_Given records_
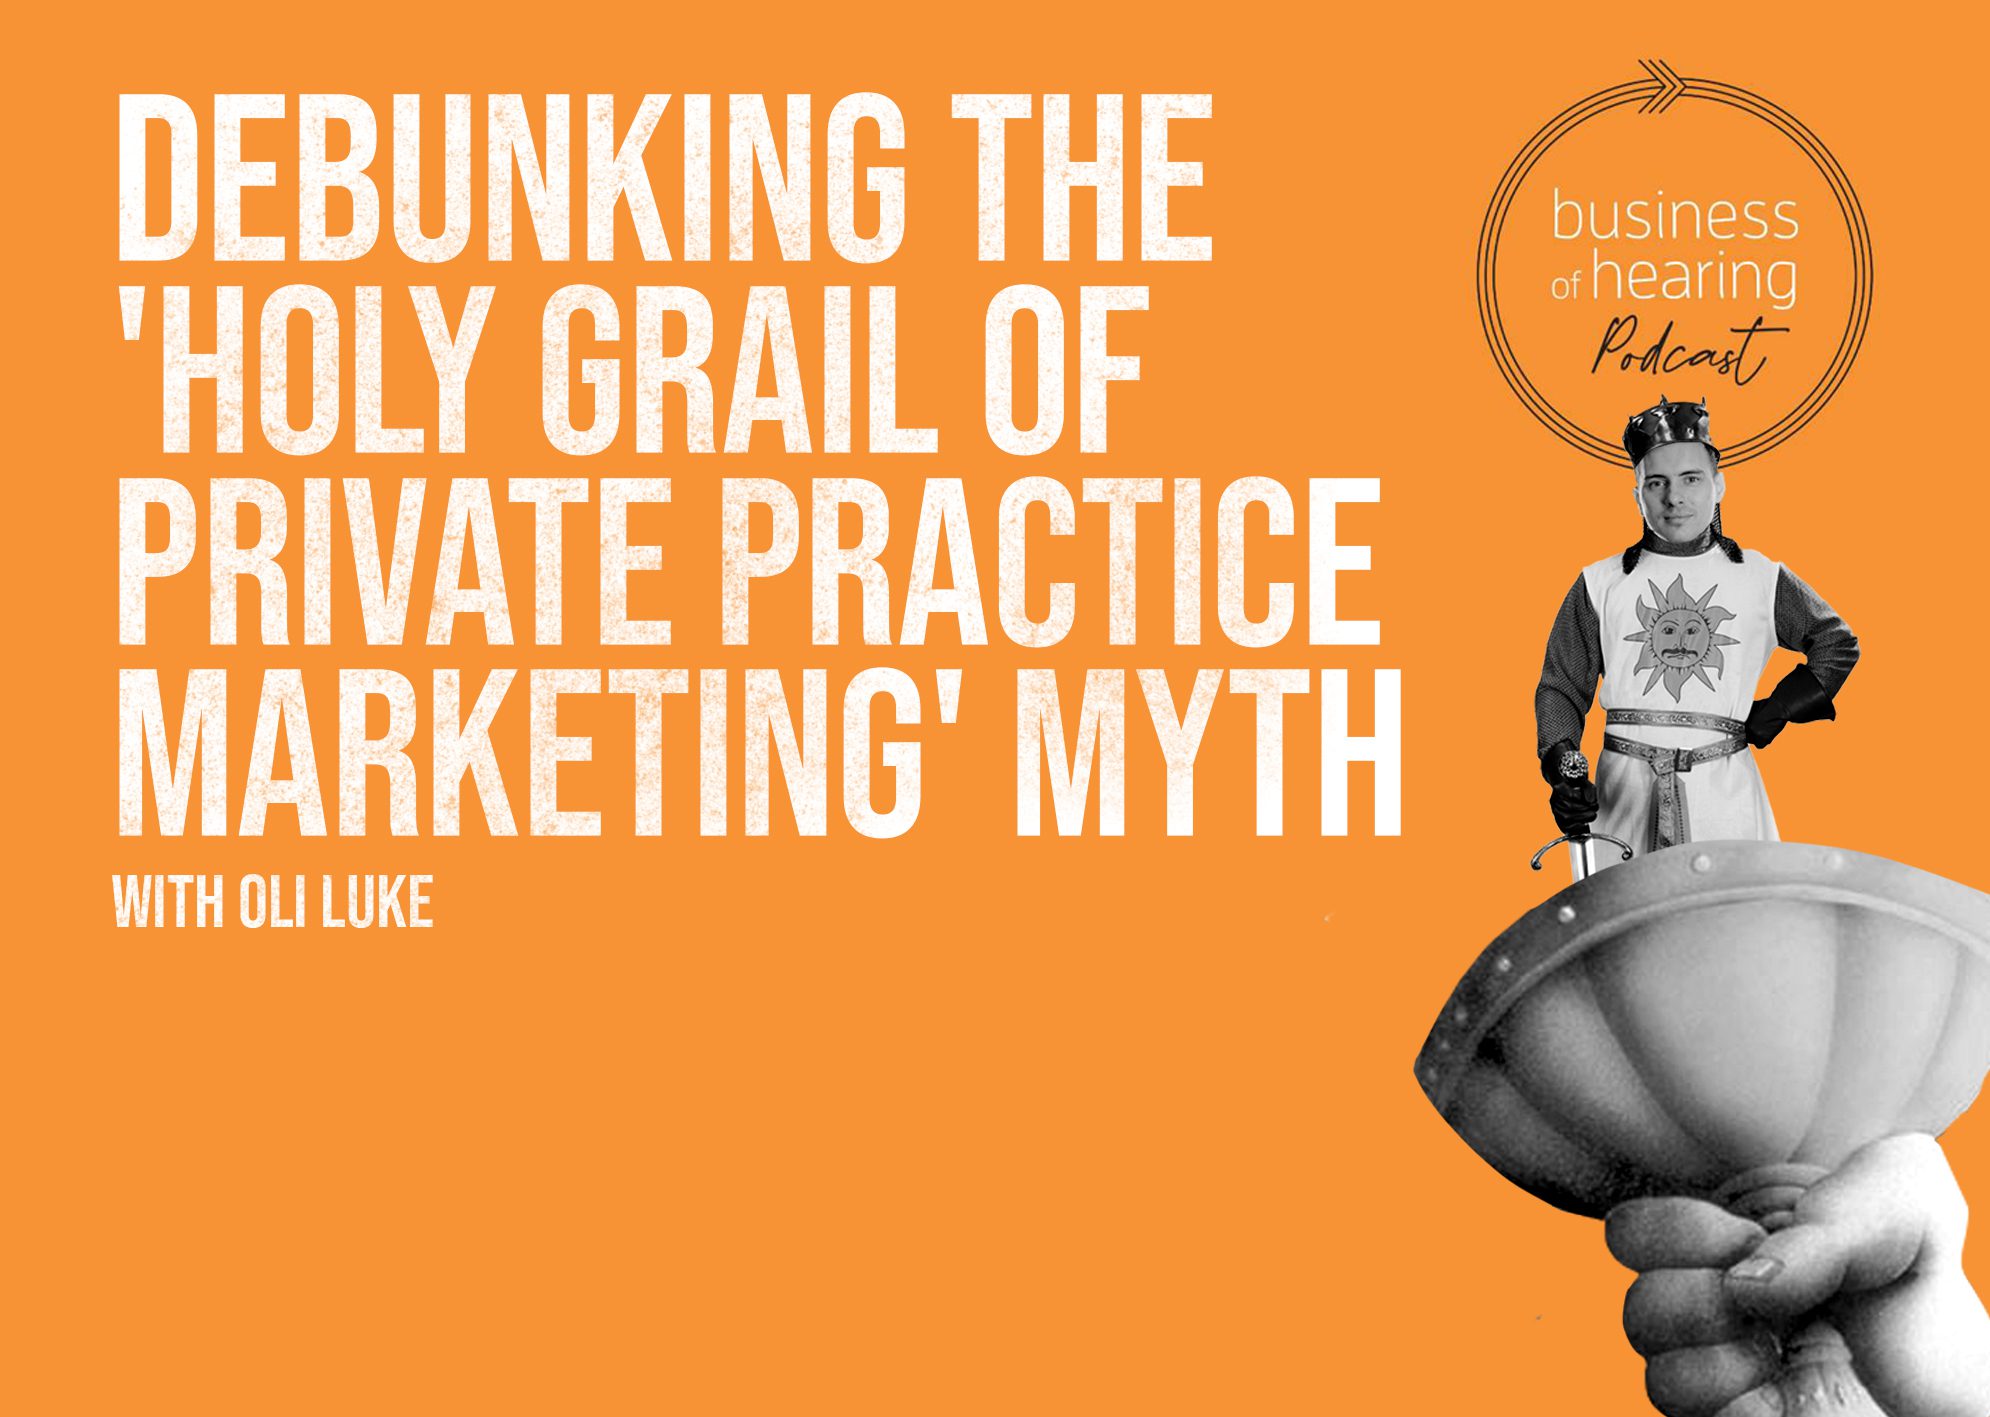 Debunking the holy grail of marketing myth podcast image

---

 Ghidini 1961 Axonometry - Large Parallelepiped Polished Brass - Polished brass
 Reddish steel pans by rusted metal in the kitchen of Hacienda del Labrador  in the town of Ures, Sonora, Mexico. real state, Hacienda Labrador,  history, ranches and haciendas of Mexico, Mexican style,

_Task goal_
Taking the material above, extract exactly and only the lines from the line with "Ghidini 1961 Axonometry" to the line with "Reddish steel pans", inclusive of both.

_Response below_
 Ghidini 1961 Axonometry - Large Parallelepiped Polished Brass - Polished brass
 Reddish steel pans by rusted metal in the kitchen of Hacienda del Labrador  in the town of Ures, Sonora, Mexico. real state, Hacienda Labrador,  history, ranches and haciendas of Mexico, Mexican style,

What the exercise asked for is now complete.